Does your brain short-circuit when you see a mathematical algorithm? Don’t worry, you’re not alone.

In this post I will show you how I worked my way through an algorithm, namely TF-IDF, and got it up and running in Python. The code examples that I will be using come from a Proof of Concept that I worked on for my internship at JIDOKA.

After finishing the PoC, I realized that I had actually used a system while working on it. Here’s what I did.

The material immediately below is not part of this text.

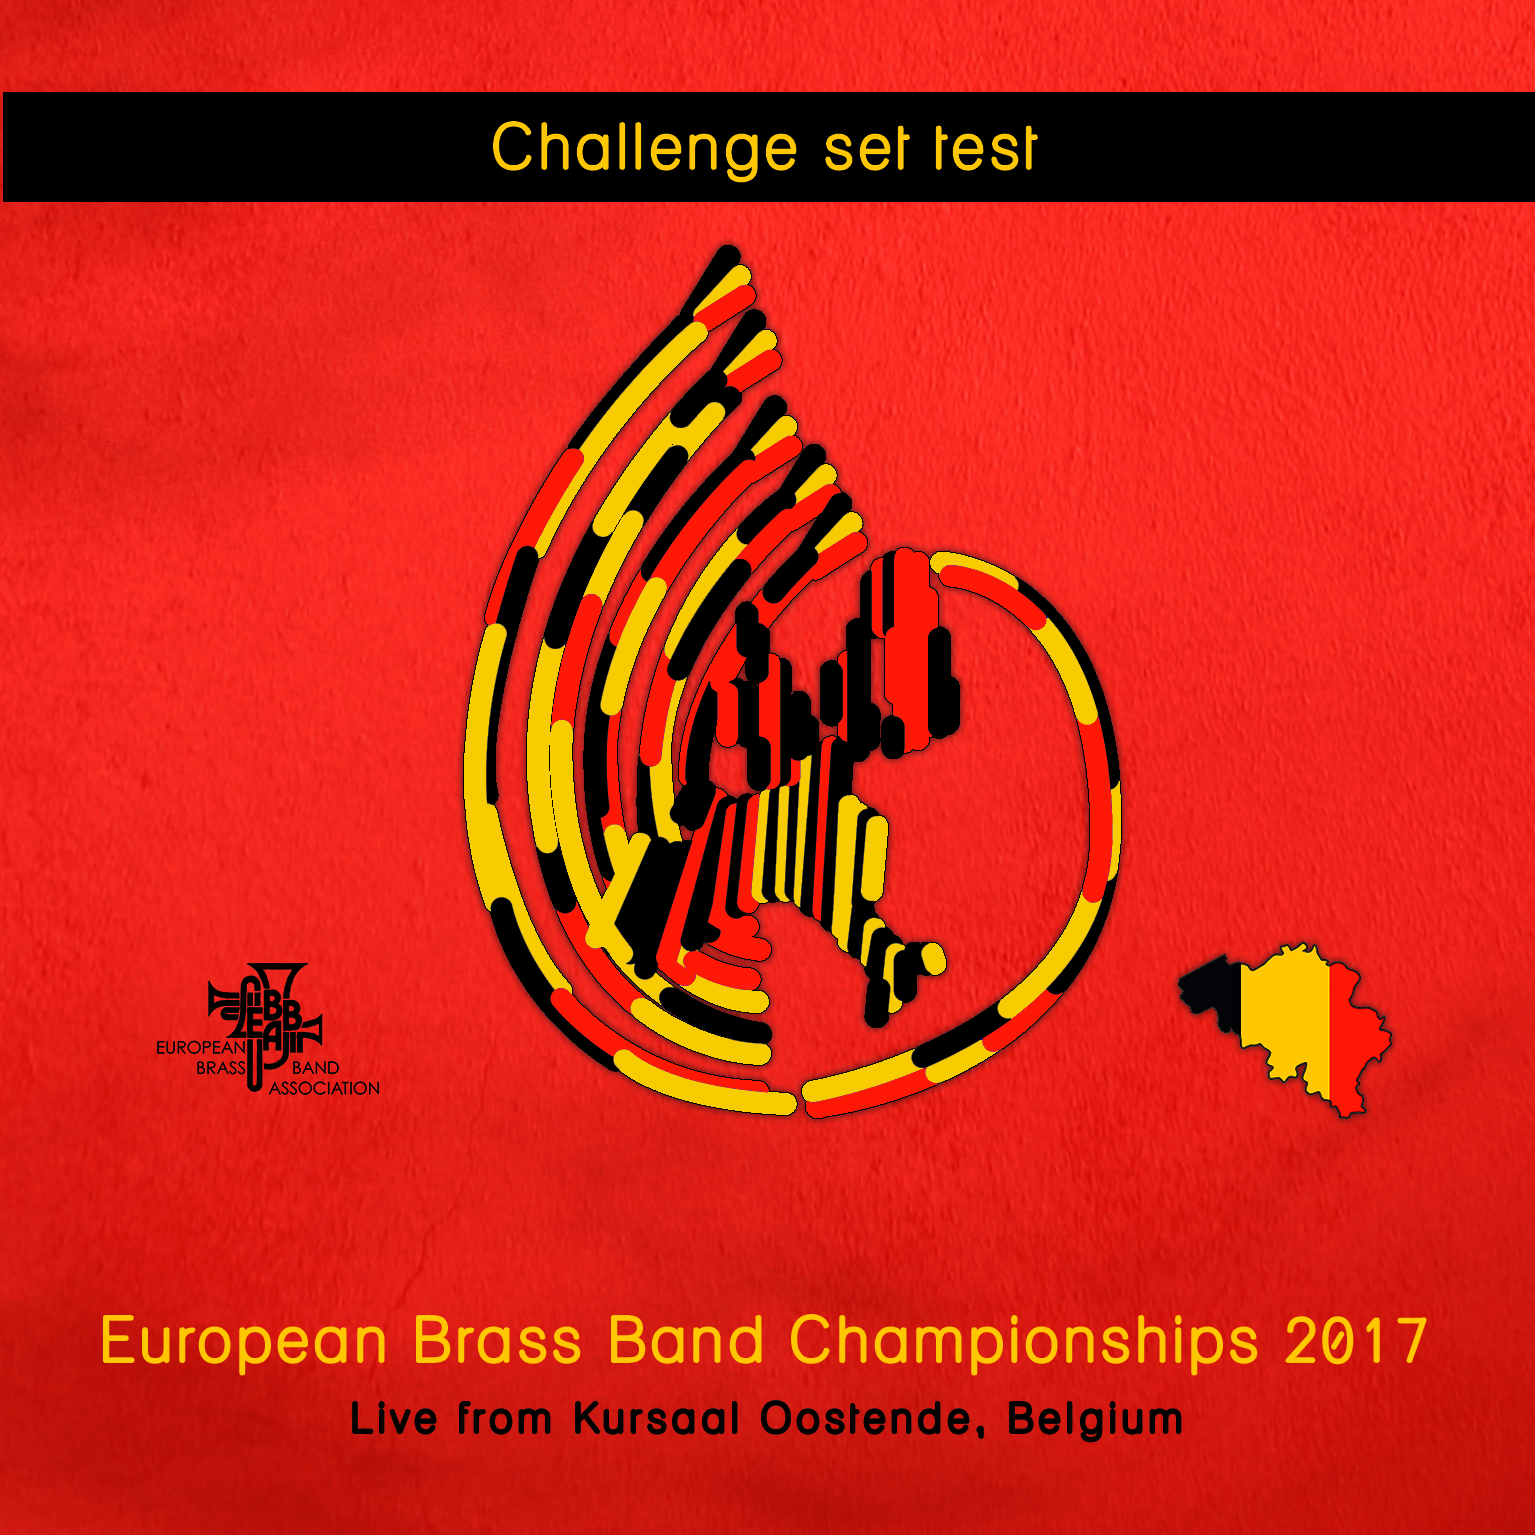 European Brass Band Championships 2017 - Challenge Section Set Test - Download

The FOUR Steps of Translating a Mathematical Algorithm into Code:


  1. Translate the algorithm into human terms
  2. Split the algorithm into bite-sized chunks
  3. Translate each chunk into code
  4. Combine the chunks to form the complete algorithm



Translate the Algorithm into Human Terms

The algorithm that I will be using here is TF-IDF, which stands for Term Frequency - Inverse Document Frequency, and it looks like this:

TFIDF Algorithm

But what does it actually mean?

Unless you’re a math wizard and are creating your own algorithms, you can find explanations for whichever one you’re using with a quick google search. Here’s what I found.

To summarize:

The goal of TF-IDF is to calculate the importance of a word in a document.

TF calculates how many times a word appears in a document.

However, many words like and, or, and the are used so frequently in the English language, that their score would skew the rest of the words’ scores. That’s where the IDF part comes in.

IDF gives each word a score based on how many documents contain it. The more documents contain it, the lower the score.

Now let’s translate the algorithm into human terms.

TFIDF Algorithm

The first thing we can do is split the algorithm into two parts because: TF-IDF = TF x IDF

TF = tfi,j

OR: How many times each word i is in each document j, and calculate that for each document.

We can rewrite TF as:

TF = number of times word i appears in document j / number of words in document j

IDF = log ( N / dfi)

OR: How many times word i is one of the words in a document, and compare it to the total number of documents.

We can rewrite IDF as:

IDF = log ( number of documents / number of documents containing word i)

Split the Algorithm into Bite-sized Chunks

Now that our algorithm has been translated into human terms, it’s time to split it into bite-sized chunks.

What does this mean?

We are going to create small tasks that we can turn into separate functions in our code.

We’re refactoring, before we’ve even written any code!

TF = number of times word i appears in document j / number of words in document j

AND

IDF = log ( number of documents / number of documents containing word i)

can be split into four parts:

  • number of times word i appears in document j
  • number of words in document j
  • number of documents
  • number of documents containing word i

Translate Each Chunk into Code

For my PoC I worked with Pluralsight course data. I then cleaned and molded it into the shape that I needed. Ending up with a list of courses, containing an Id followed by the document itself:

[‘course1’, ‘course description’]

Within the code, this is called ‘clean_docs’

Imports

For my PoC I worked with a Jupyter Notebook and used the following imports:

import csv
import string
import math
from collections import defaultdict

Number of times word i appears in document j

For this part, we want to end up with a list. Each line in the list will contain 1 document Id, and a dictionary containing each word in the document as a key, followed by how many times the word occurs in that document.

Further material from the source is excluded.